PROBLEM
Every line of the material below should be output exactly as written, with the images skipped.

SUPPLIED MATERIAL
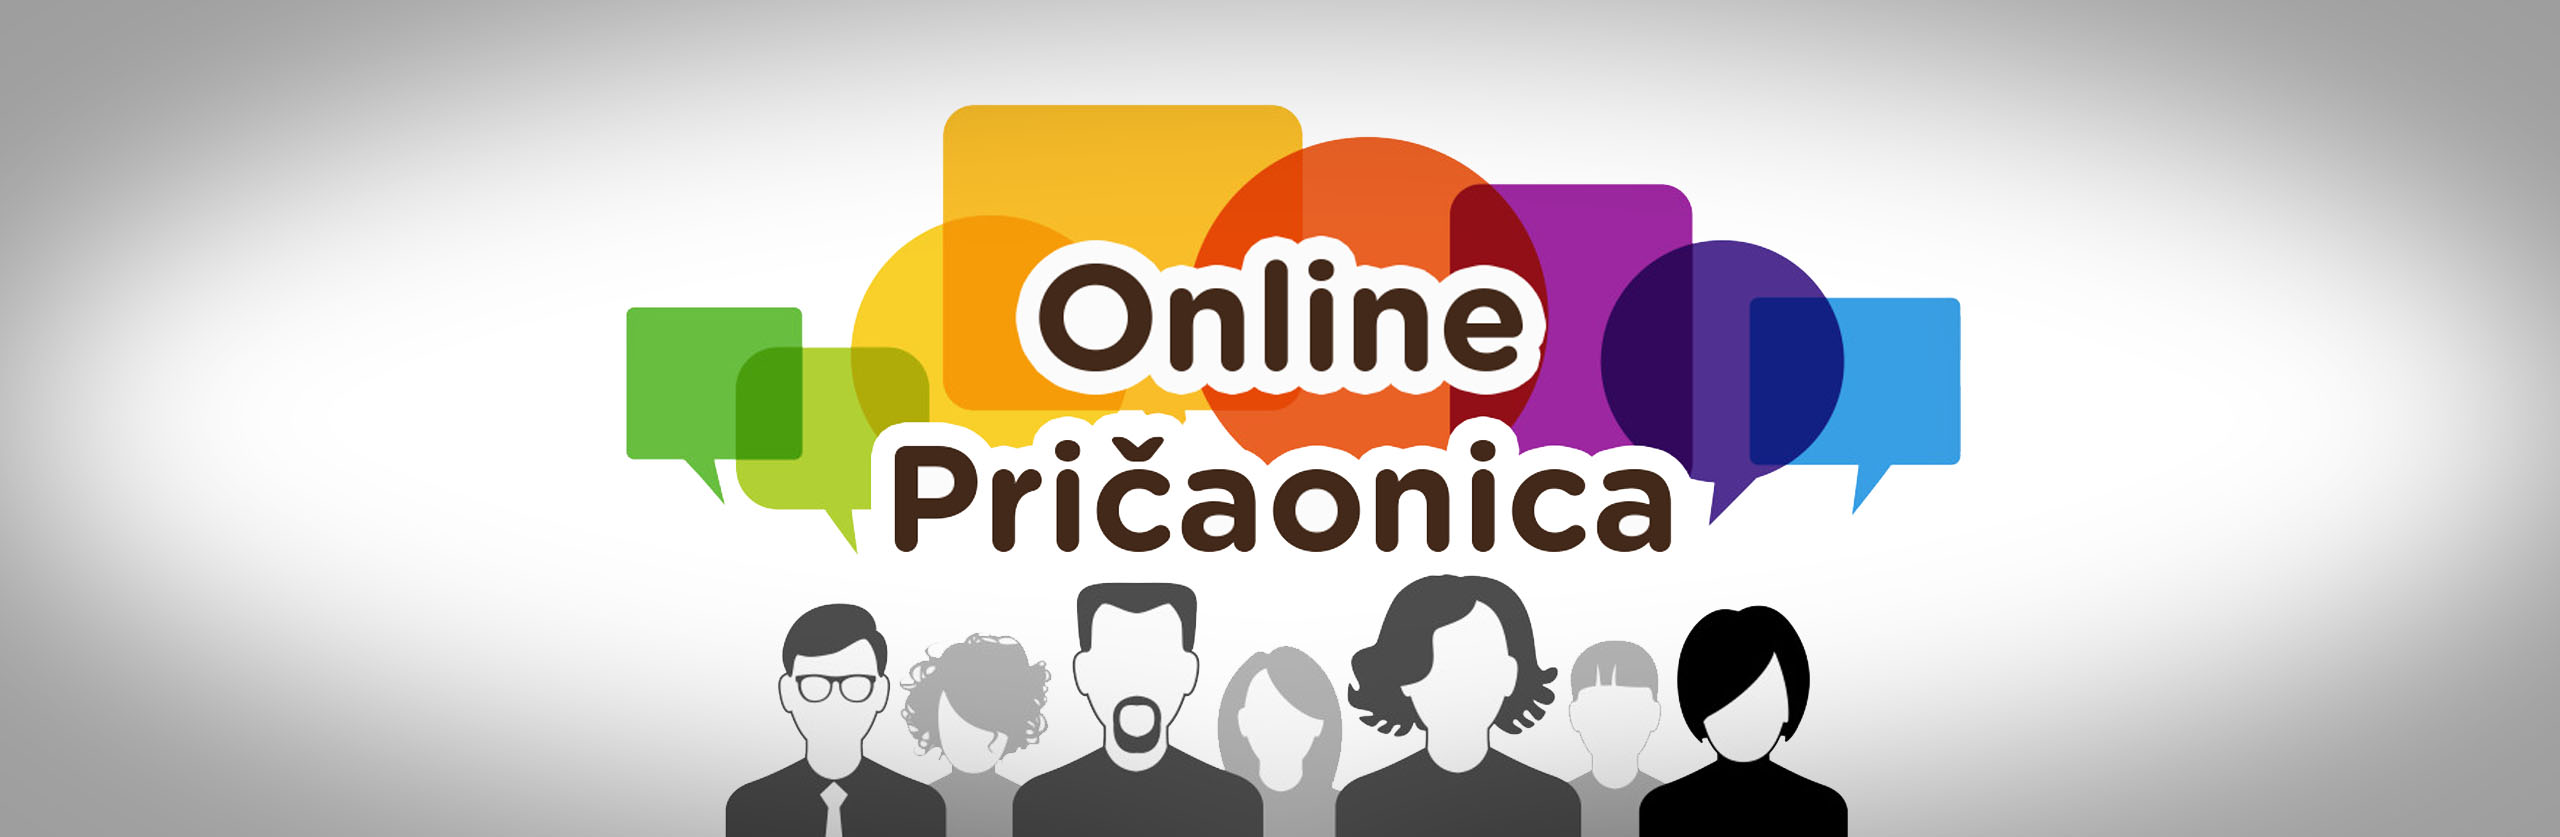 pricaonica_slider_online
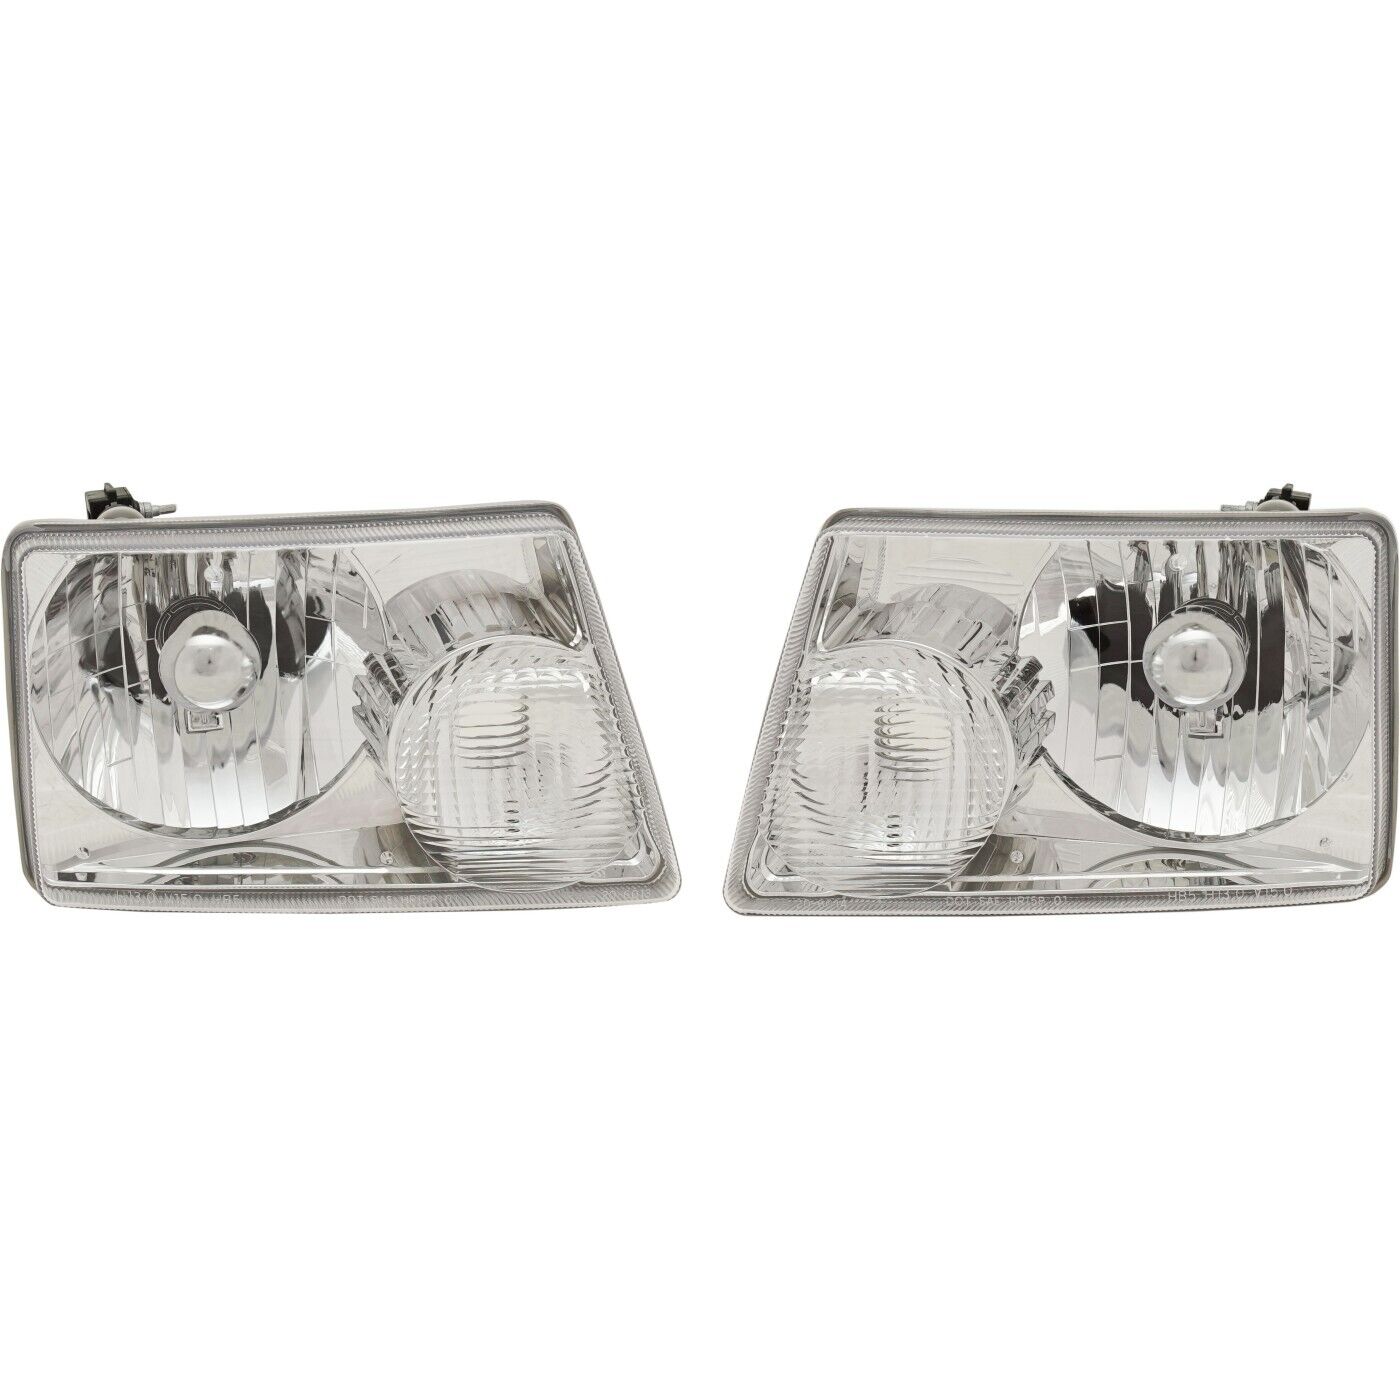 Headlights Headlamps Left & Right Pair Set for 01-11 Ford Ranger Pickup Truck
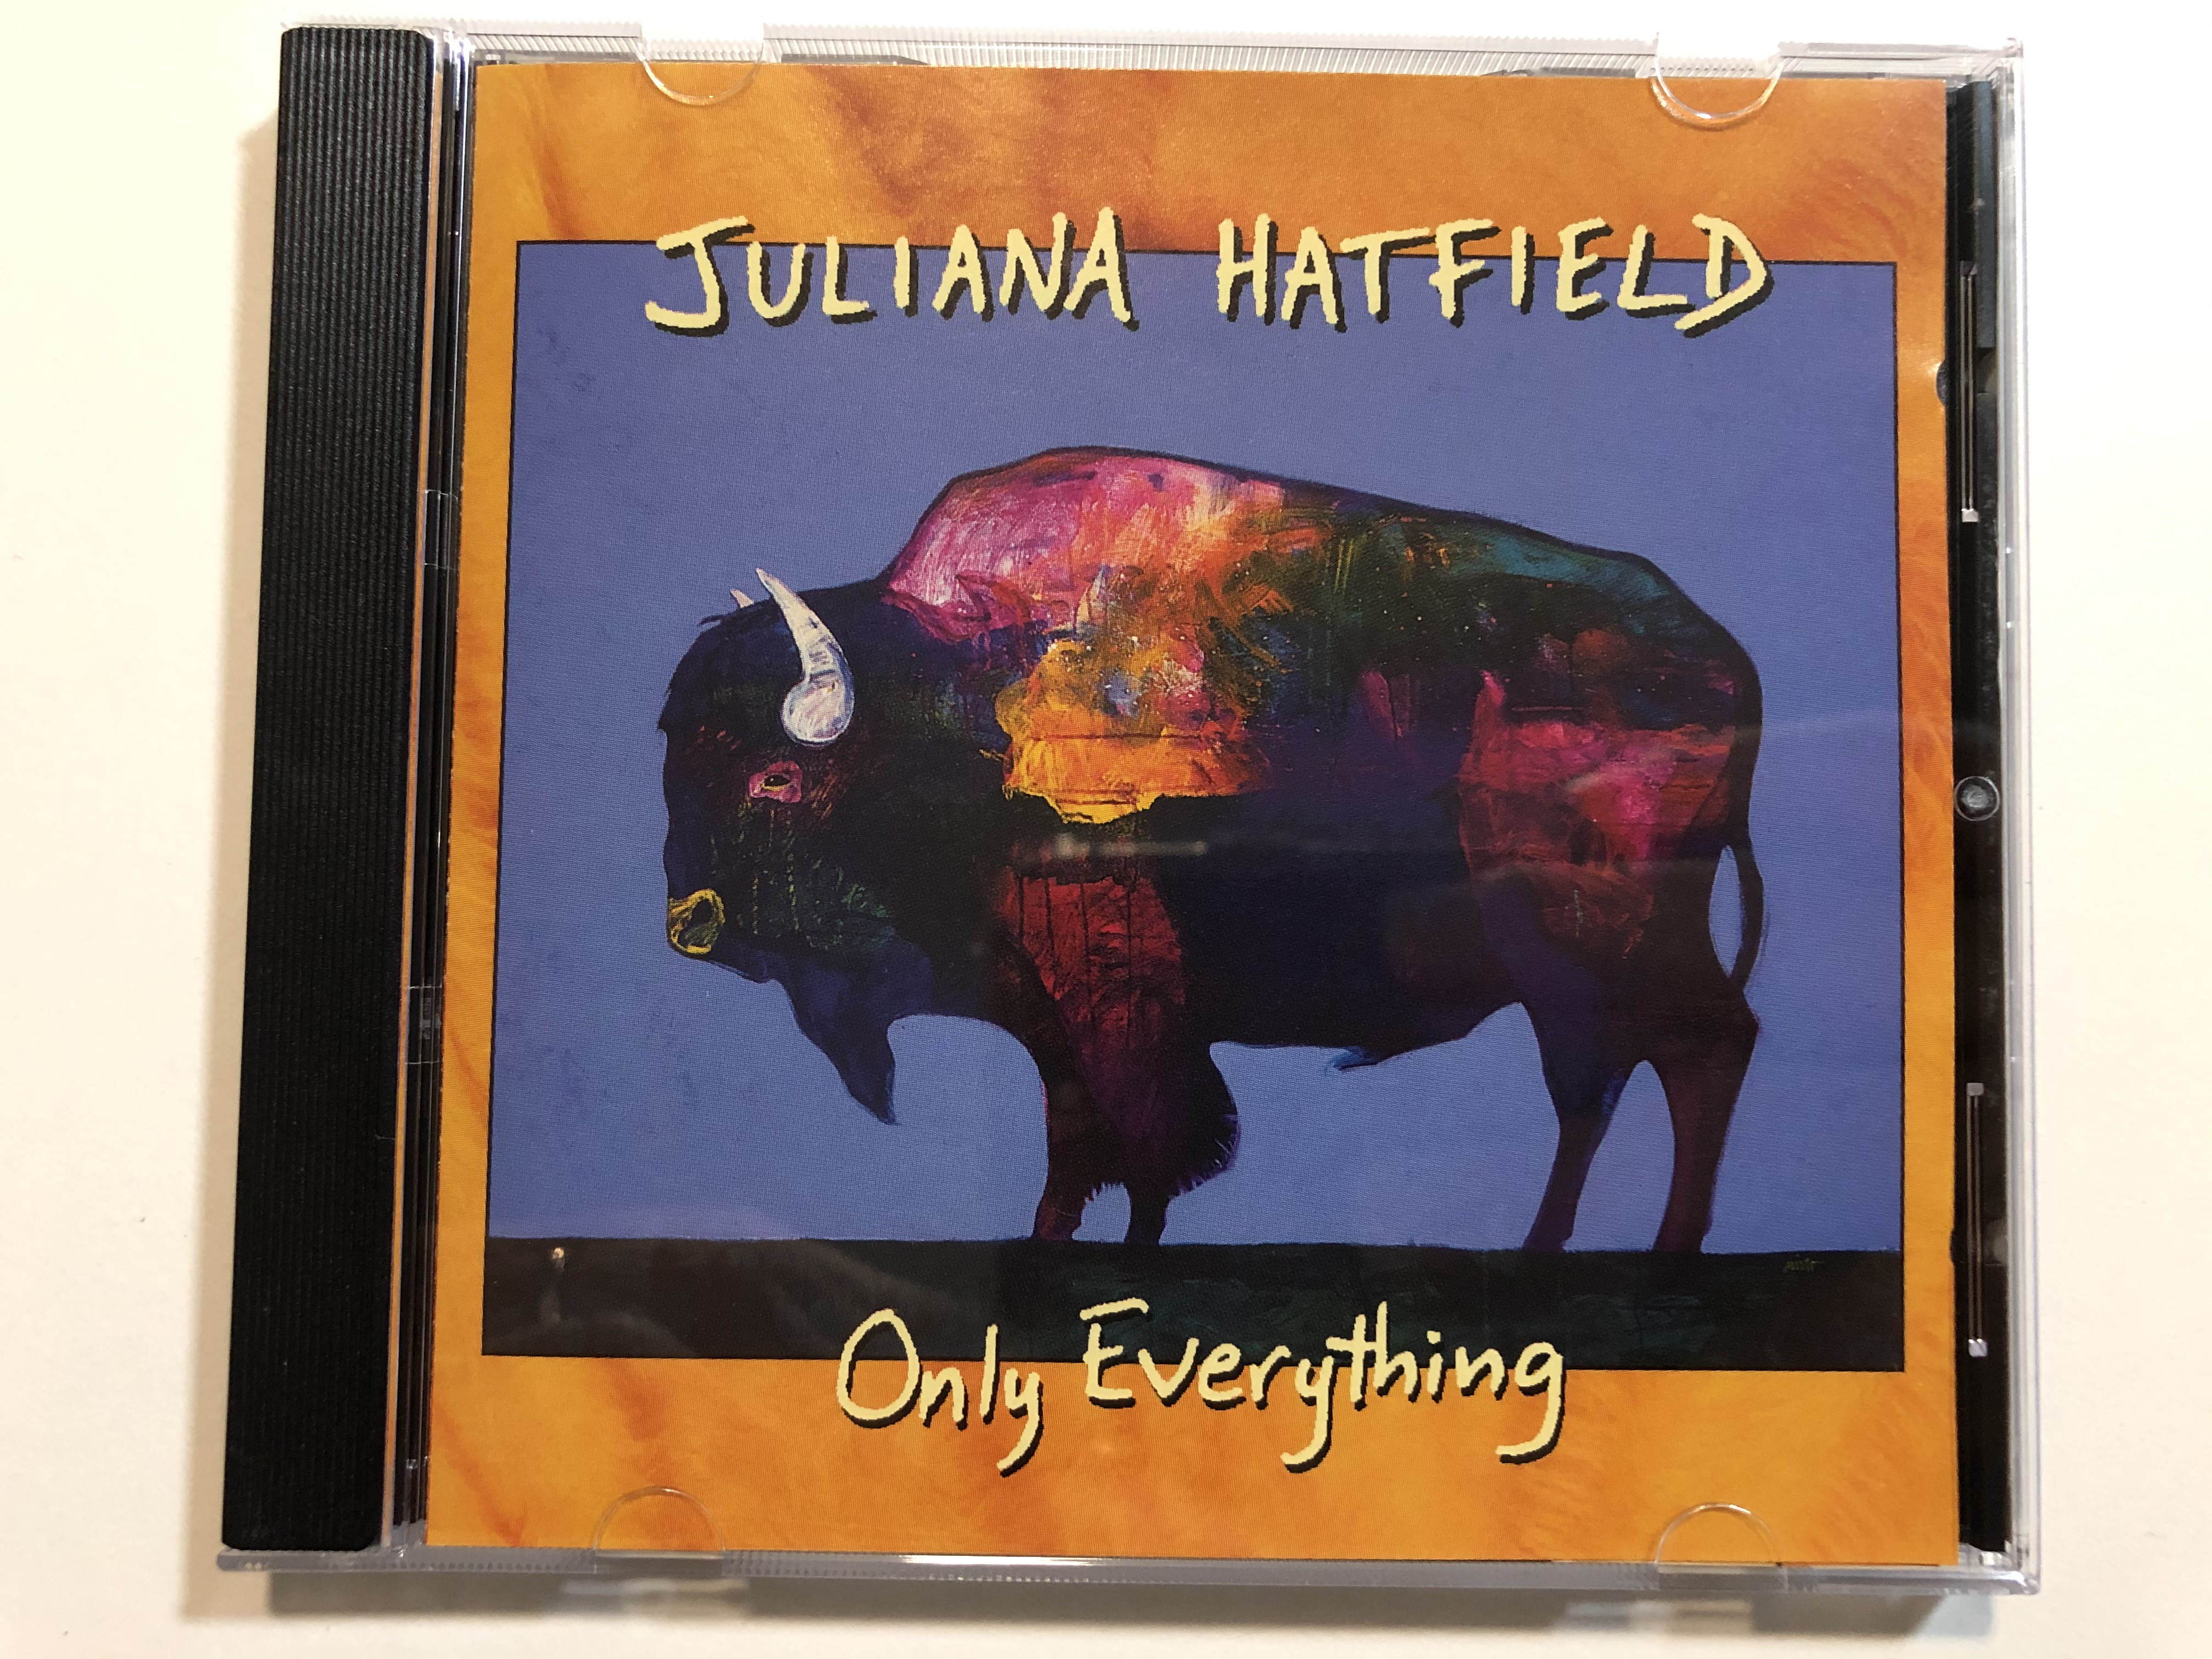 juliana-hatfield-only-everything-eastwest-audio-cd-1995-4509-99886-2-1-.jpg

ANSWER TO THIS PROBLEM
 pricaonica_slider_online
 Headlights Headlamps Left & Right Pair Set for 01-11 Ford Ranger Pickup Truck
 juliana-hatfield-only-everything-eastwest-audio-cd-1995-4509-99886-2-1-.jpg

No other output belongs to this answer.